Washington (November 2, 2023) – Senator Edward J. Markey (D-Mass.) joined Senators Elizabeth Warren (D-Mass.), Tammy Duckworth (D-Ill.), Ben Ray Luján (D-N.M.), Peter Welch (D-Vt.), Richard Blumenthal (D-Conn.), Mazie Hirono (D-Hawaii), and Bernie Sanders (I-Vt.) in sending a letter to Secretary of the Department of Homeland Security (DHS) Alejandro Mayorkas and U.S. Citizenship and Immigration Services (USCIS) Director Ur Jaddou, commending DHS for the steps it has taken to expand access to employment authorization documents (EADs) for eligible noncitizens, and laying out several policy proposals to help address issues with EADs. 

“Expediting EADs for eligible individuals is essential to allowing new arrivals to enter the formal labor market, gain financial independence, and better support themselves and their families. We represent states that are fully committed to welcoming new arrivals. And we are working to pass long-overdue reforms to our immigration system, including bipartisan legislation to shorten the statutory 180-day waiting period before asylum seekers can obtain an EAD. But to ensure that all eligible individuals receive employment authorization in a timely manner, we ask that the administration make critical policy fixes to eliminate unnecessary barriers preventing new arrivals from working legally even when they should be eligible to do so,” wrote the senators. 

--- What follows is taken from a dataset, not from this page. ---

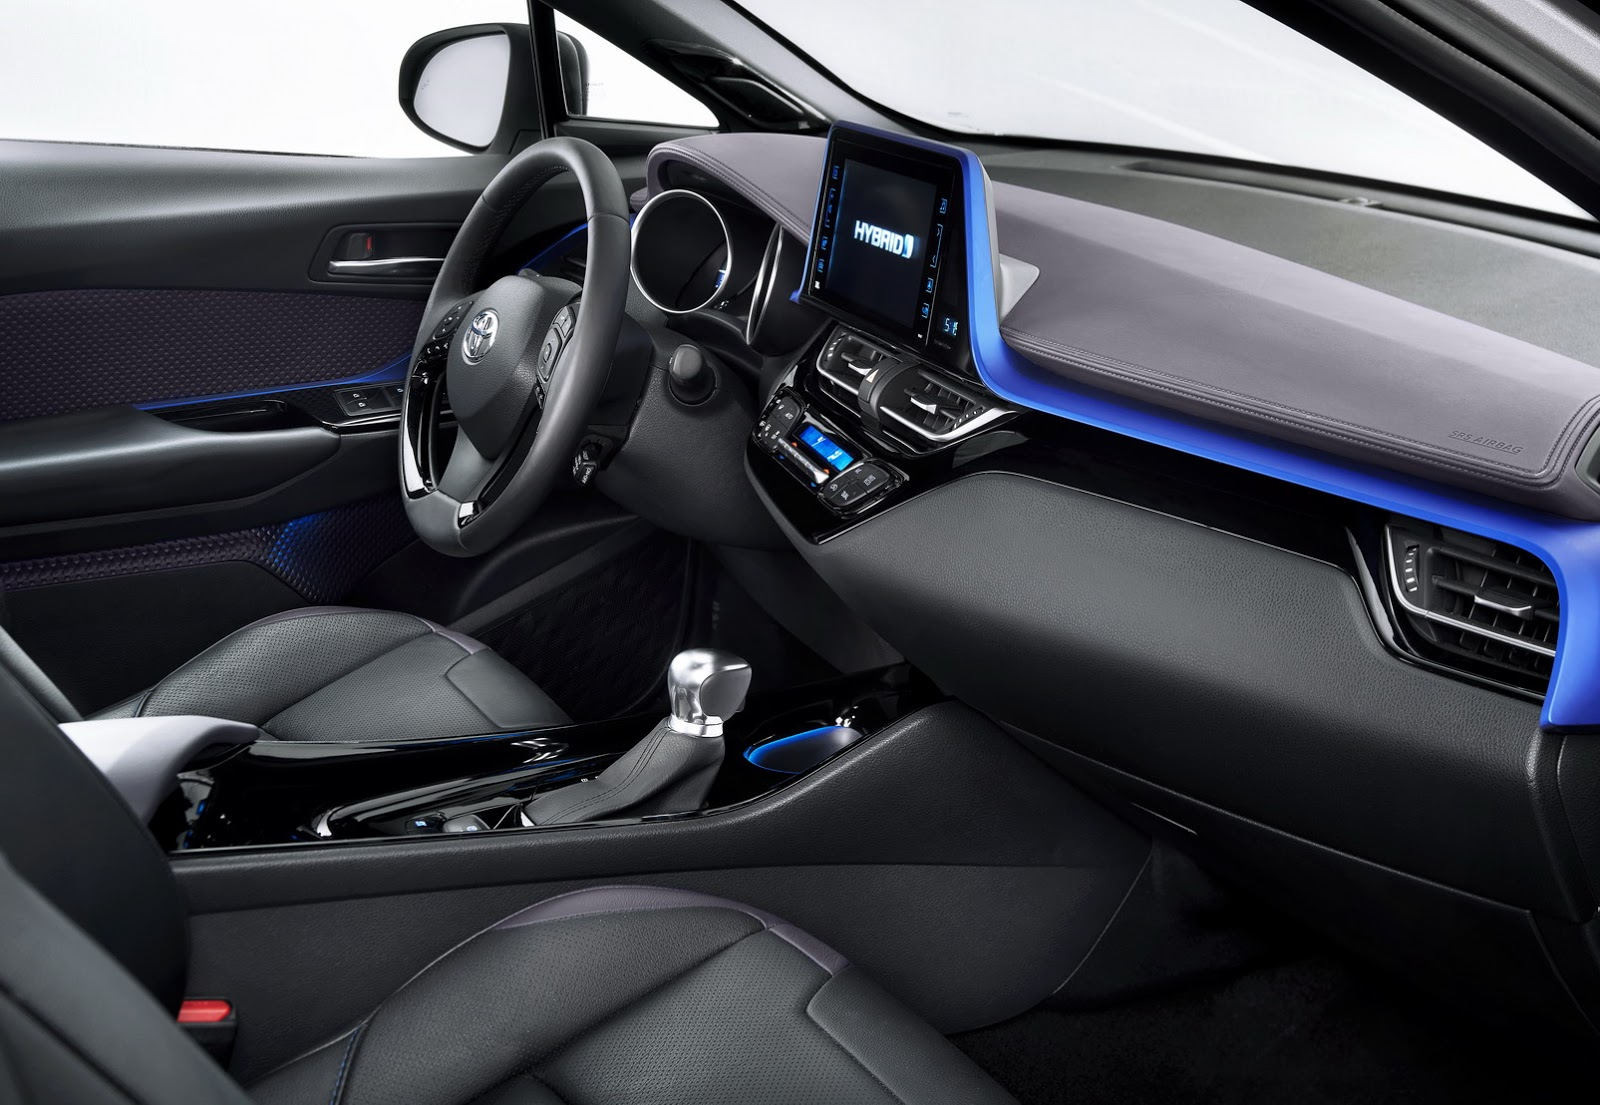 2017 toyota c hr interior design unveiled autoevolution for Hr design interiors

Too often, new arrivals who are eligible to receive authorization to work in the United States encounter obstacles and delays in doing so. Asylum seekers are delayed by the statutory 180-day asylum EAD clock, which requires them to wait a minimum of 6 months after submitting an asylum application before they can be issued an EAD. Many asylum seekers and other noncitizens are further delayed by the processing backlog of USCIS: some wait upwards of 12-18 months for their EAD applications (Form I-765) to be processed due to USCIS’s backlog of nearly 1.6 million unprocessed EAD applications. New arrivals also often face delays in even entering the pipeline to seek an EAD due to barriers to submitting their applications, including cost and language barriers, among others; only 16% of work-eligible CBP One app parolees had even applied for work authorization as of late August 2023. 

“The Department has significantly shortened wait times over the past year and recently committed to further shortening certain wait times. For example, for asylum seekers’ initial work permit applications, the median EAD processing time dropped from nine months in FY2022 to two months in FY2023, and USCIS is working to reduce EAD wait times for certain parolees from 90 days to 30 days,” continued the senators. 

However, the senators noted that additional action to fix the EAD system is necessary. They proposed several other critical fixes to the EAD crisis that DHS can implement without congressional action. The senators suggested a set of proposals that would help to: (1) facilitate speedier submission of EAD applications (including by reducing the number of new arrivals subject to the asylum EAD clock), (2) reduce the number of new arrivals who must file EAD applications at all, (3) authorize certain new arrivals to work while their applications are being processed, and (4) expedite USCIS’s processing of EAD applications.

The senators laid out six urgent priorities that DHS could implement now, without the need for notice-and-comment rulemaking: 

  1. Issue provisional employment authorizations to eligible new arrivals who submit EAD applications. 
  2. Continue the 540-day automatic extension period for EAD renewals.
  3. Eliminate the EAD application filing fee for certain parolees. 
  4. Increase USCIS’s access to information already collected from new arrivals by U.S. Customs and Border Patrol (CBP), to eliminate redundancies. 
  5. Make the I-765 and the corresponding instructions simpler, clearer, and available in other languages (including Spanish and Haitian Creole). 
  6. Ensure that applicants for Temporary Protected Status (TPS) receive timely adjudication of their prima facie eligibility and are issued the corresponding EADs while their TPS applications are pending.

The senators then laid out additional proposals, some of which would require rulemaking or additional exploration: 

  1. Automatically authorize certain parolees to work incident to parole via rulemaking.
  2.  Re-parole those whose periods of parole expired before they could receive an EAD. 
  3. Automatically renew EADs upon re-parole. 
  4. Eliminate the regulatory 150-day asylum EAD clock and the pause on running the clock for applicant-caused delays. 
  5. Re-designate Nicaragua and Haiti for TPS status. 
  6. Prioritize technological improvements to USCIS’s automated systems for processing EAD applications. 

“The byzantine EAD system has, for too long, caused real-world harm for newly arriving families. The changes above are just examples of the many steps DHS could take to help protect new arrivals from those harms, while also alleviating the burden on our states and their citizens. We appreciate your attention to this important matter,” concluded the senators.